ReAlarm Tag Configuration and Behavior:
Overview
The ReAlarm function is an AWS Lambda-based handler designed to monitor and reset CloudWatch alarms that are in an
"ALARM" state. It is an optional part of the AutoAlarm system, aimed at ensuring alarms are not missed or ignored.
Default Values
By default, the ReAlarm function is enabled. When ReAlarm is enabled, it runs on a default schedule of every 120 minutes.
Configure ReAlarm Behavior with Tags
ReAlarm's behavior can be configured on a per-alarm basis using tags.
Customize ReAlarm Schedule:
The ReAlarm schedule by default runs every 120 minutes.
ReAlarm can be customized to run at different intervals on a per-alarm basis by setting the autoalarm:re-alarm-minutes
tag to a whole number value.
Disable ReAlarm for a Resource:
Alarms can be tagged with autoalarm:re-alarm-enabled=false to exclude them from the ReAlarm process.

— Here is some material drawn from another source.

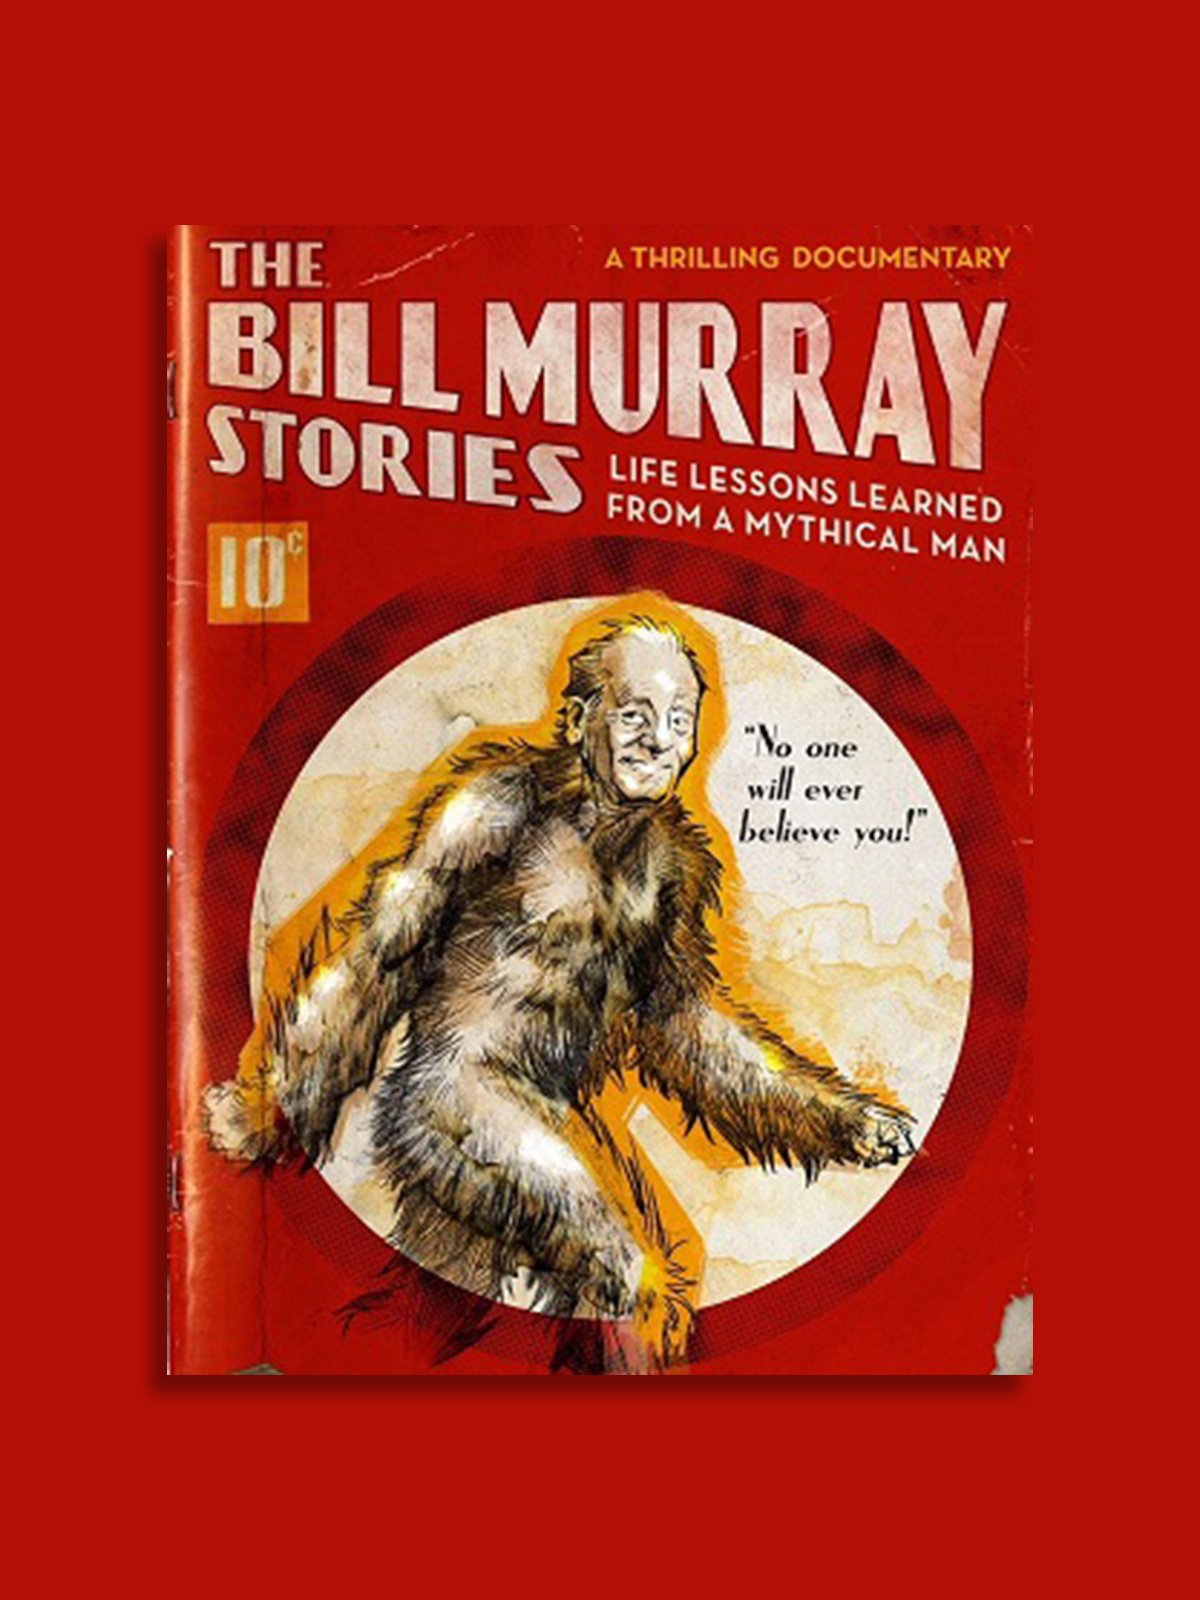 The Bill Murray Stories: Life Lessons Learned from a Mythical Man I went into this movie with zero expectations, and walked away feeling inspired and energized... with a perma-smile on my face for days. The film is shot from the perspective of a Bill Murray fan who's fascinated by the star's bizarre habit of popping up in the most surprisingly normal situations - when regular people least expect it. What inspired me most was how Murray took so much joy from making others happy, and actually changed people's lives by showing up and just listening to them.
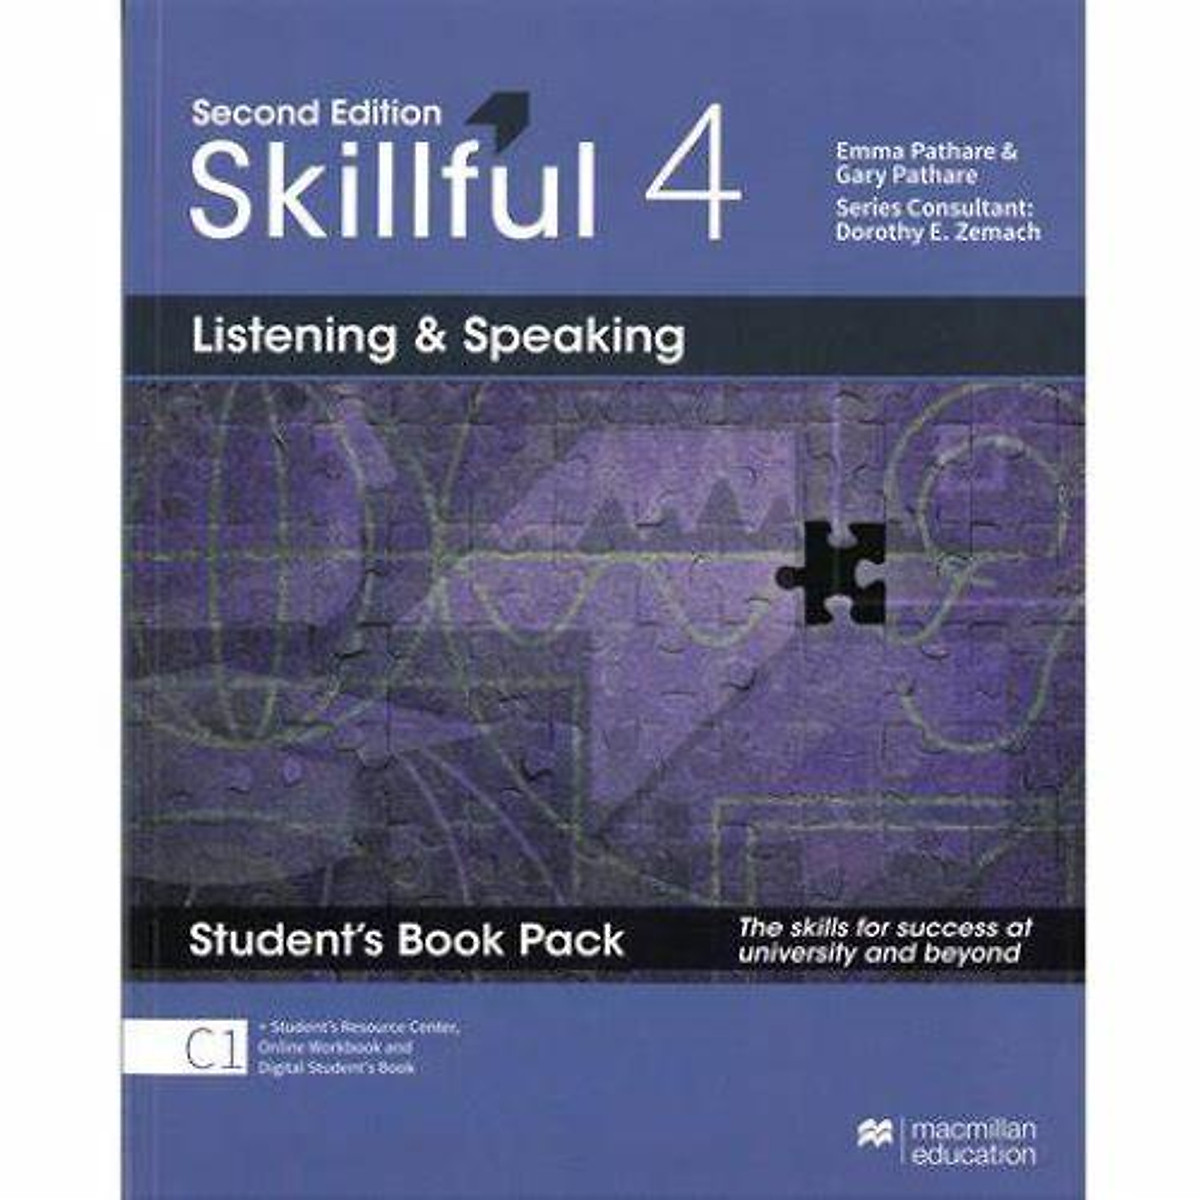 Skillful Second Edition Listening &Speaking 4 Student's Book + Digital Student's Book Pack

When this tag is present on an alarm, ReAlarm will skip resetting it, regardless of its state.
This is useful for alarms that should be managed manually or have specific conditions that should not trigger ReAlarm.
Example
Tag
Value
Description
autoalarm:re-alarm-enabled
false
Disable ReAlarm for this alarm
autoalarm:re-alarm-minutes
30, 60, 240
Custom reset interval (minutes)
Special Note:
ReAlarm is hardcoded to NOT reset alarms associated with AutoScaling actions. This is to prevent the function from
interfering with scaling operations.
Additional References:
For Deployment and install instructions, please see DEPLOYMENT.md
For a more thorough breakdown of Design and Architecture, please see ARCHITECTURE.MD.